Сару Бернар на протяжении всей ее жизни фотографировали Надары — сначала отец, потом сын. Во время первой фотосессии ей было около двадцати лет; в ту пору Феликс Турнашон занимался также другим, столь же пафосным, хотя и не столь долговечным предприятием: своим «Гигантом». Сара пока еще не стала «Божественной»: она безвестна, честолюбива, однако на фотопортретах уже выглядит звездой. Снимается она в незатейливых позах, завернувшись в бархатную накидку или необъятную шаль. Плечи оголены; из драгоценностей — только маленькие сережки с камеями; в волосах — ничего. На теле — тоже: по всем красноречивым признакам, под накидкой, под шалью ничего нет. Лицо скрытное и оттого привлекательное. Разумеется, актриса необыкновенно хороша, причем скорее на сегодняшний вкус, нежели по меркам того времени. Выглядит она воплощением правдивости, театральности и тайны, совмещая в себе все эти абстракции. Надар оставил и фотографию обнаженной натуры, в которой многие признают все ту же Сару. На этом снимке изображена оголенная до пояса женщина, одним глазком выглядывающая из-за раскрытого веера. Во всяком случае, портреты Сары, кутающейся в накидку и шаль, куда более эротичны.
Едва ли пяти футов ростом, она, как считалось, не обладала сценической статью, а кроме того, отличалась чрезмерной бледностью и худобой. И в жизни, и в искусстве она выглядела порывистой и естественной; нарушала законы театра, в ходе монолога нередко отворачивалась от рампы. Переспала со всеми своими партнерами. Обожала славу и саморекламу или, как обтекаемо сказал о ней Генри Джеймс, была «фигурой, восхитительно приспособленной к экстравагантности». Некий критик поочередно сравнивал ее с русской княжной, византийской императрицей и маскатской бегумой, а потом заключил: «Прежде всего, она типичная славянка. Славянского в ней намного больше, чем во всех известных мне славянах». В возрасте едва за двадцать Сара родила внебрачного сына, которого, не боясь осуждения, возила с собой повсюду. Она, еврейка, жила во Франции, склонной к антисемитизму; в католическом Монреале ее экипаж забросали камнями. Храбрости и дерзости ей было не занимать.
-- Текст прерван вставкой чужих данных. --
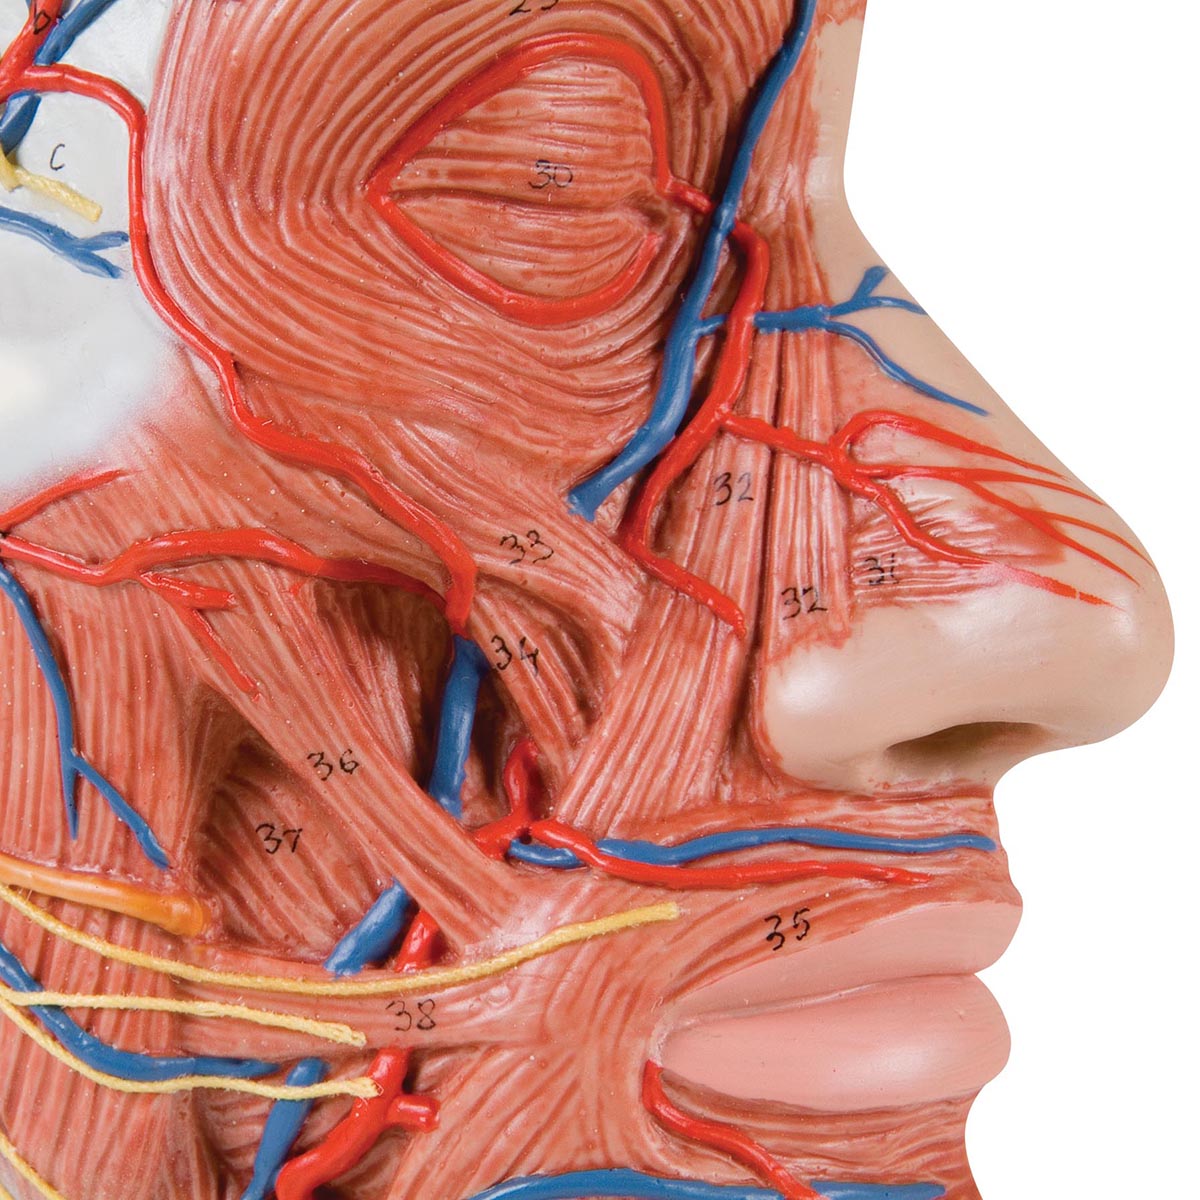 Komplet og detaljeret muskelmodel af hovedet og halsen som er halveret

Естественно, она нажила себе врагов. Ее успех, ее похождения, ее национальность и богемная экстравагантность напоминали пуританам, почему актеров в прежние времена хоронили за оградами кладбищ. А ее манера игры, некогда столь самобытная, неизбежно устаревала, поскольку сценическая естественность — это не более чем искусный прием, как натурализм в литературе. Одни видели в ней вечную магию (Эллен Терри называла Сару Бернар «прозрачной, как азалия» и сравнивала ее присутствие на сцене с дымком от горящей бумаги), другие были менее благосклонны. Тургенев, драматург и франкофил, видел в ней все признаки «наглой и исковерканной пуфистки» и осуждал ее «противнейший парижский шик».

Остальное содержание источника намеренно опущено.